- **Task goal**: Using the records below, write out only the lines from the line containing "Linen & Cotton" up to and including the line containing "RedBridge Navyblau Logopatch", exactly, with no pictures.

- **Task data**:
§

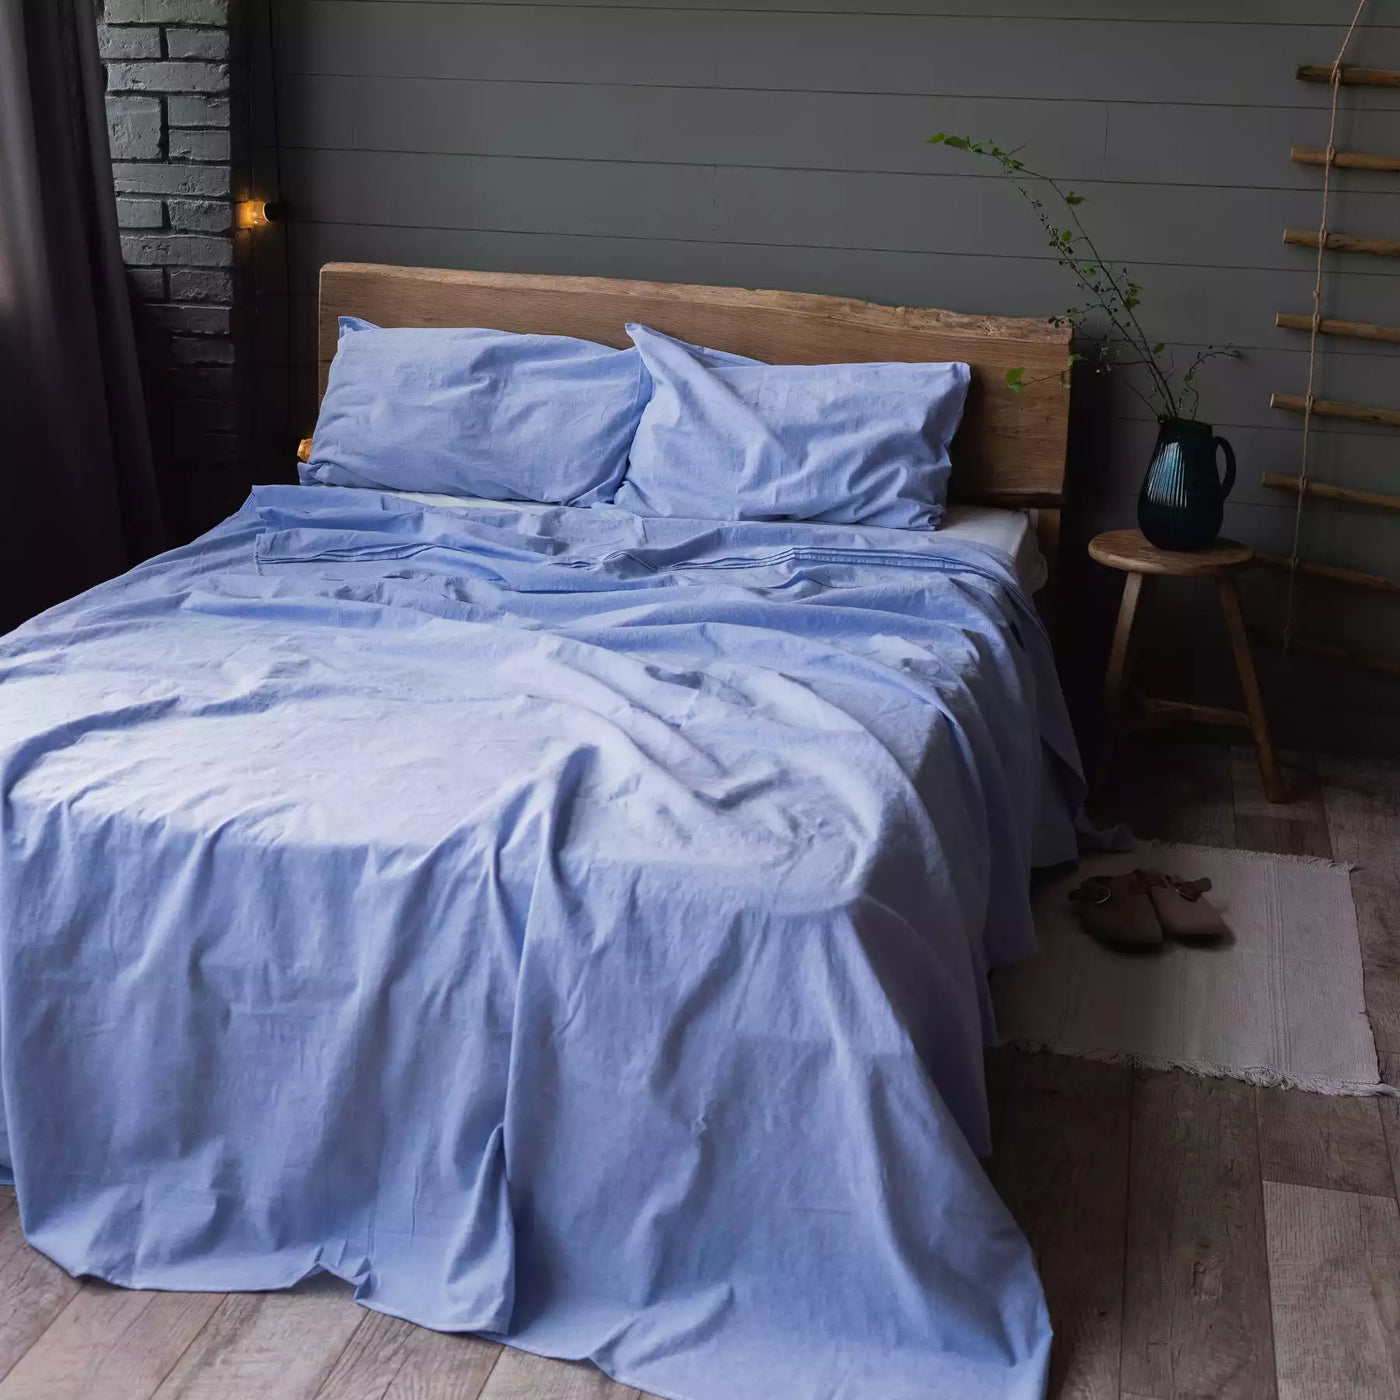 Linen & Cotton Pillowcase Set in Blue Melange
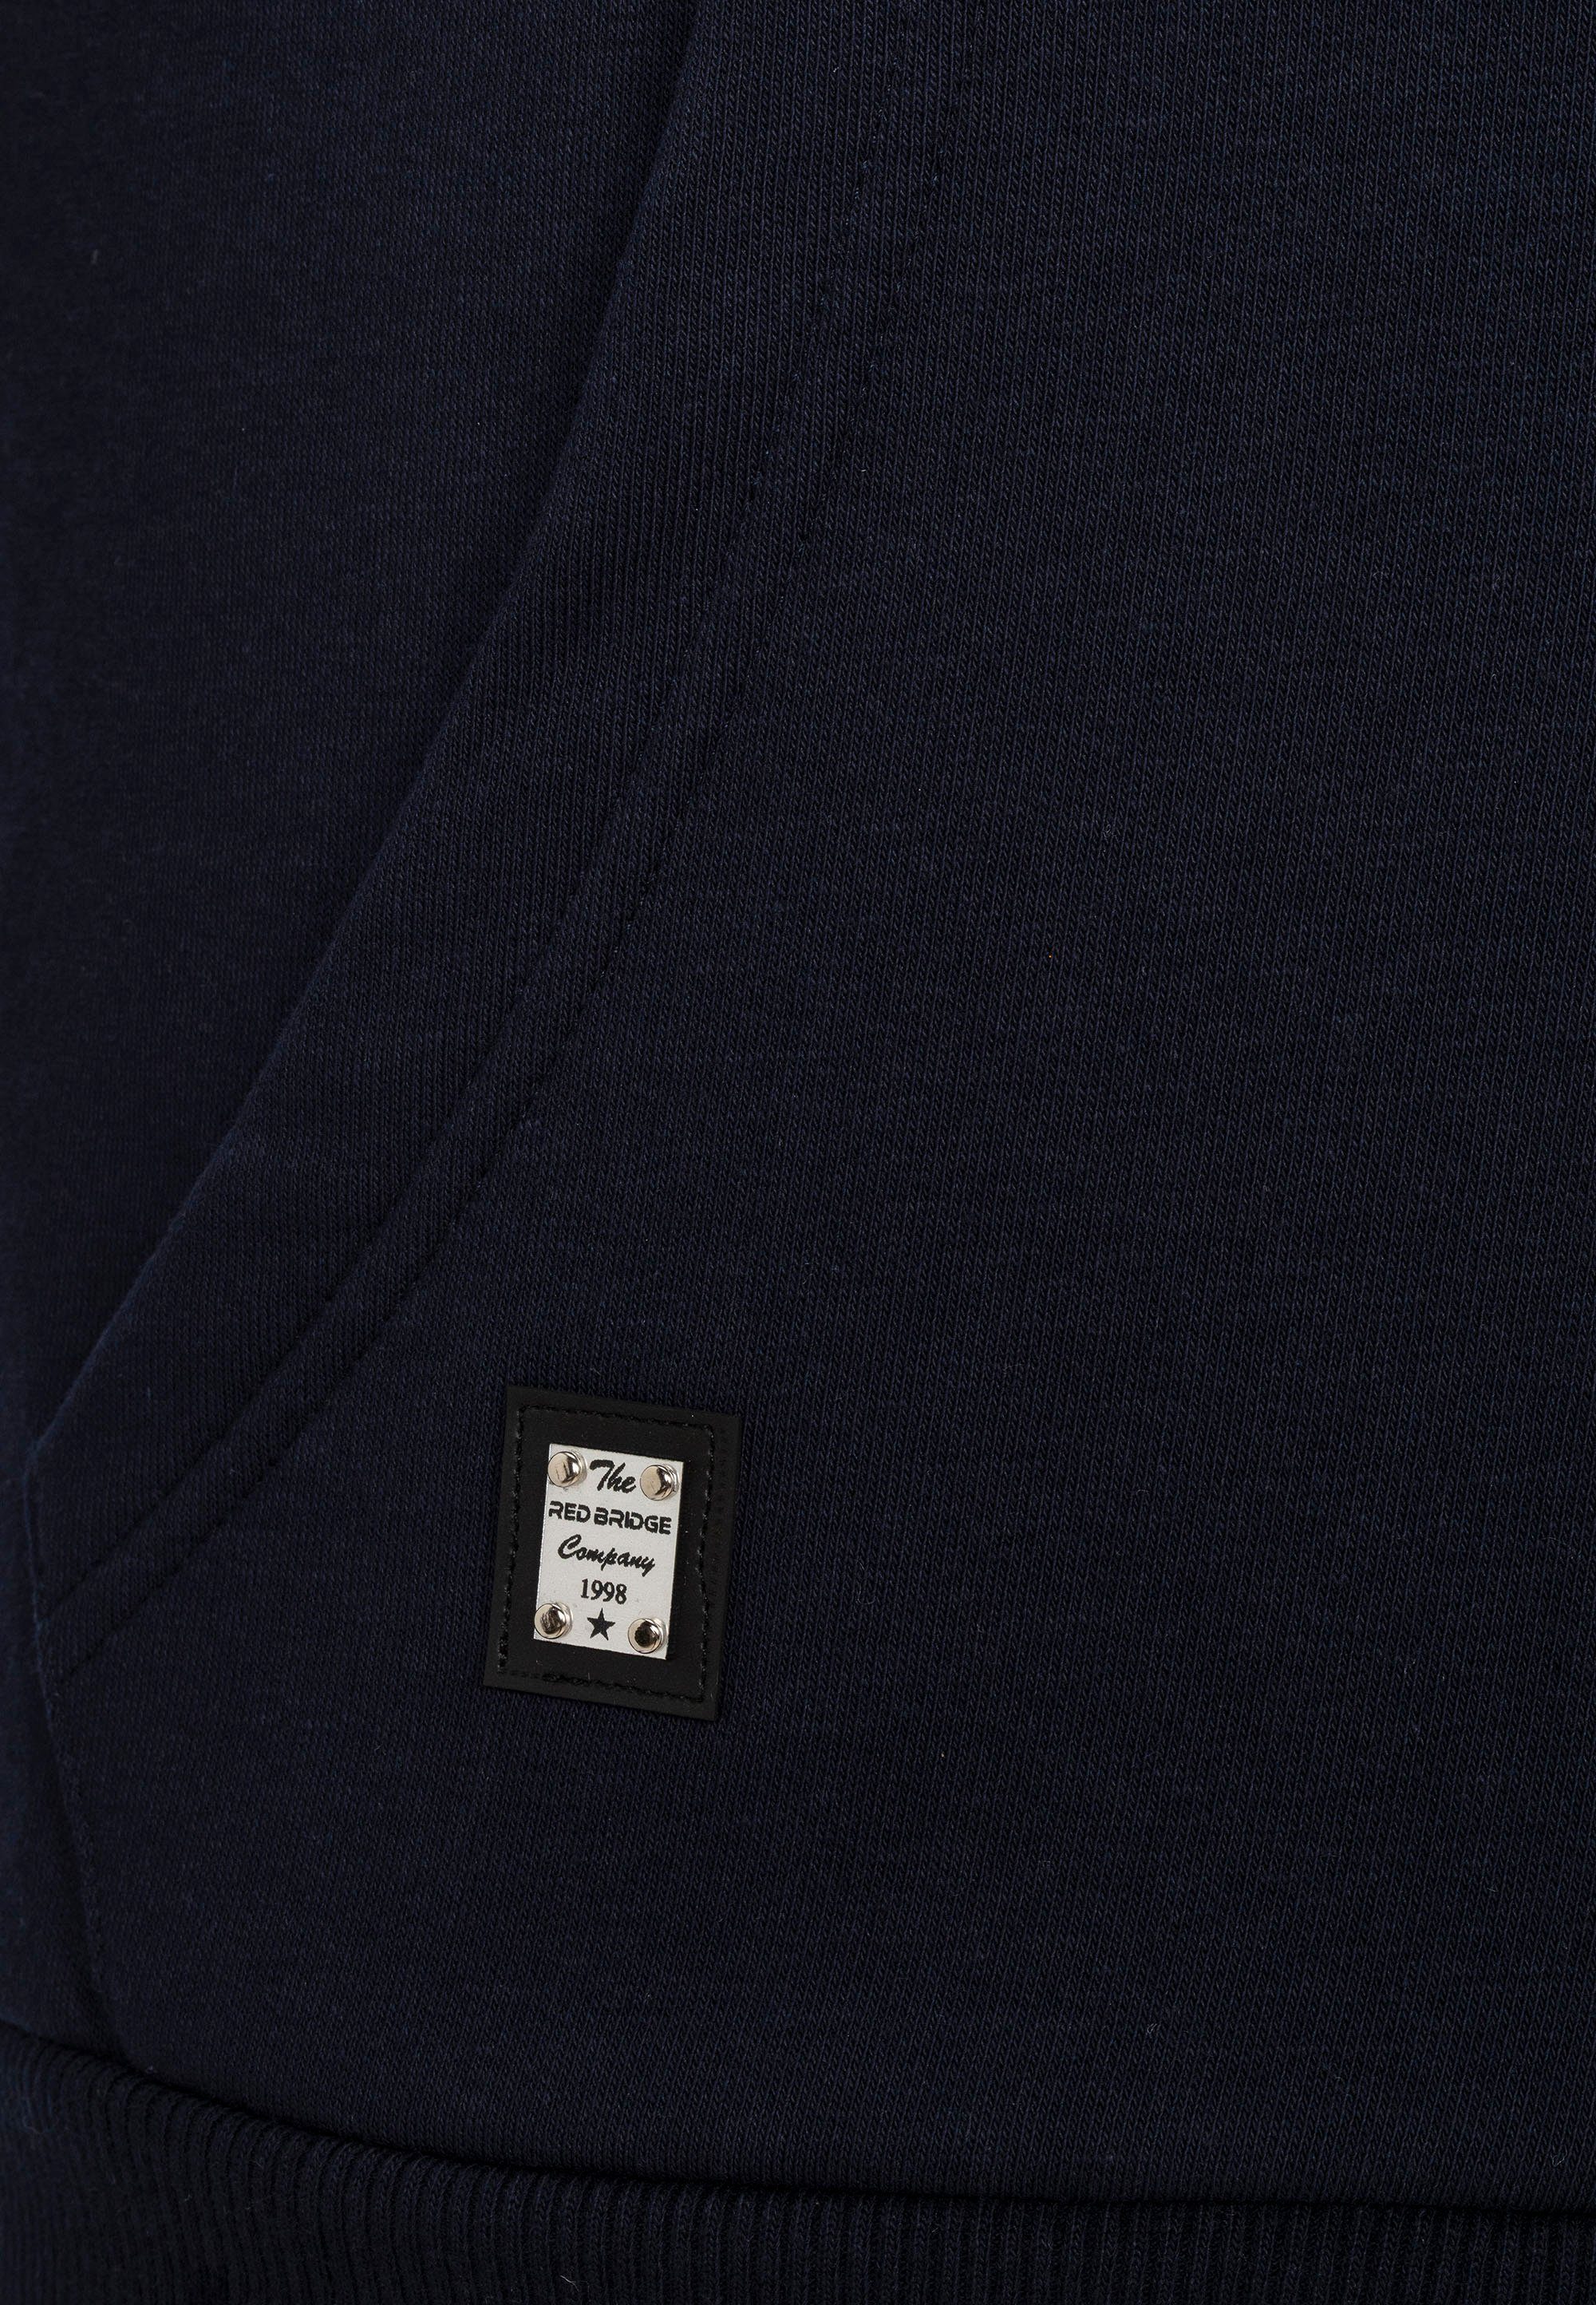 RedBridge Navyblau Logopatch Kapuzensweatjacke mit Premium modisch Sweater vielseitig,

§

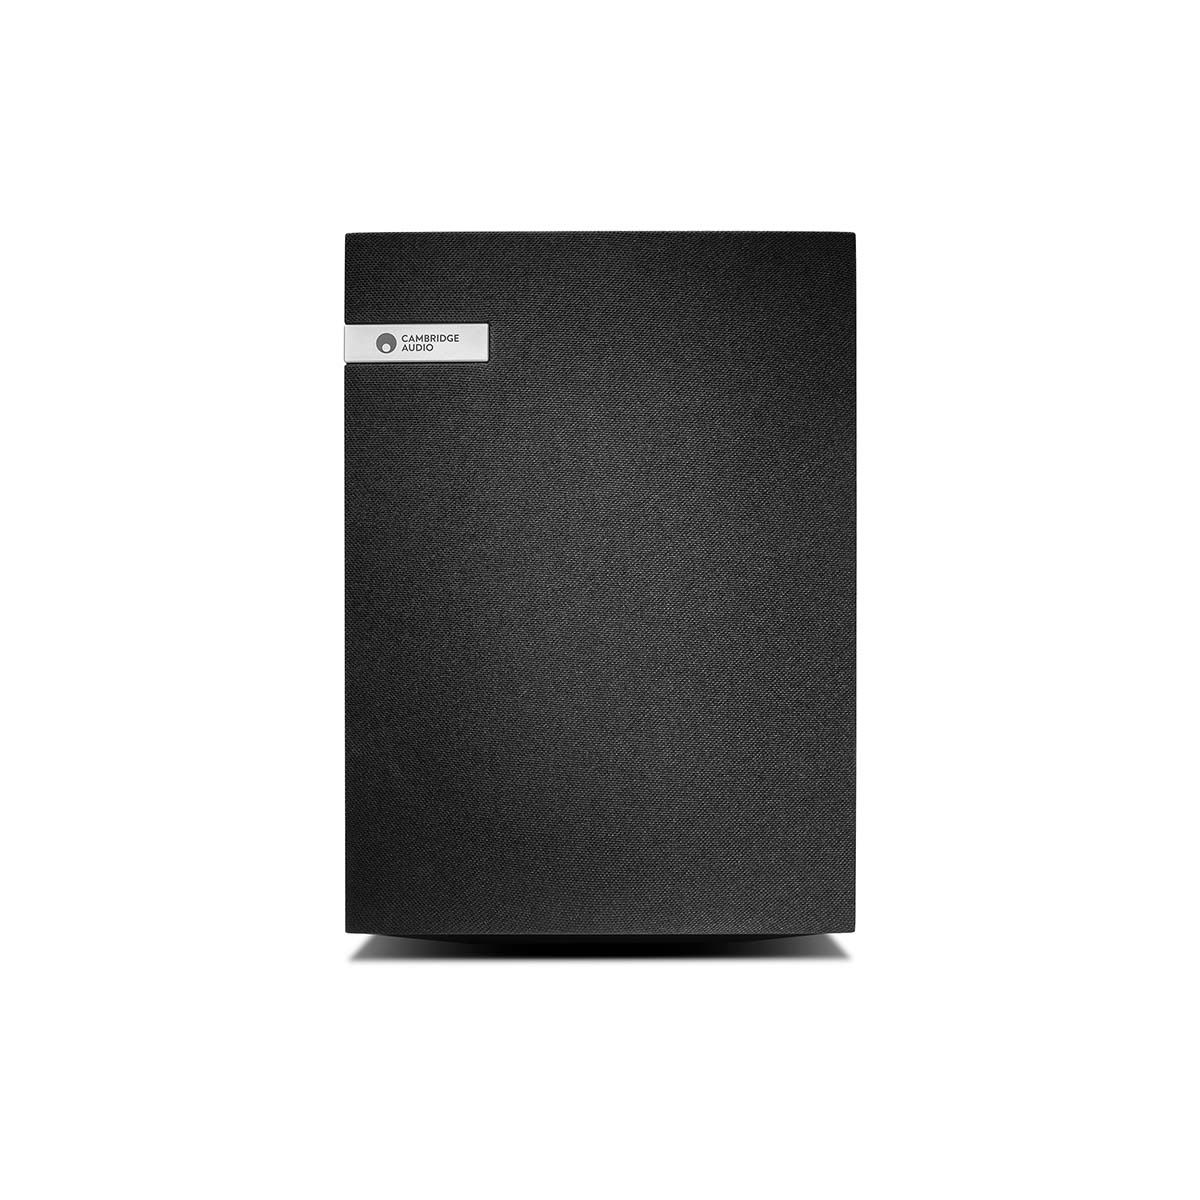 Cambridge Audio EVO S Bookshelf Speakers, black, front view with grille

§

- **Solution**:
 Linen & Cotton Pillowcase Set in Blue Melange
 RedBridge Navyblau Logopatch Kapuzensweatjacke mit Premium modisch Sweater vielseitig,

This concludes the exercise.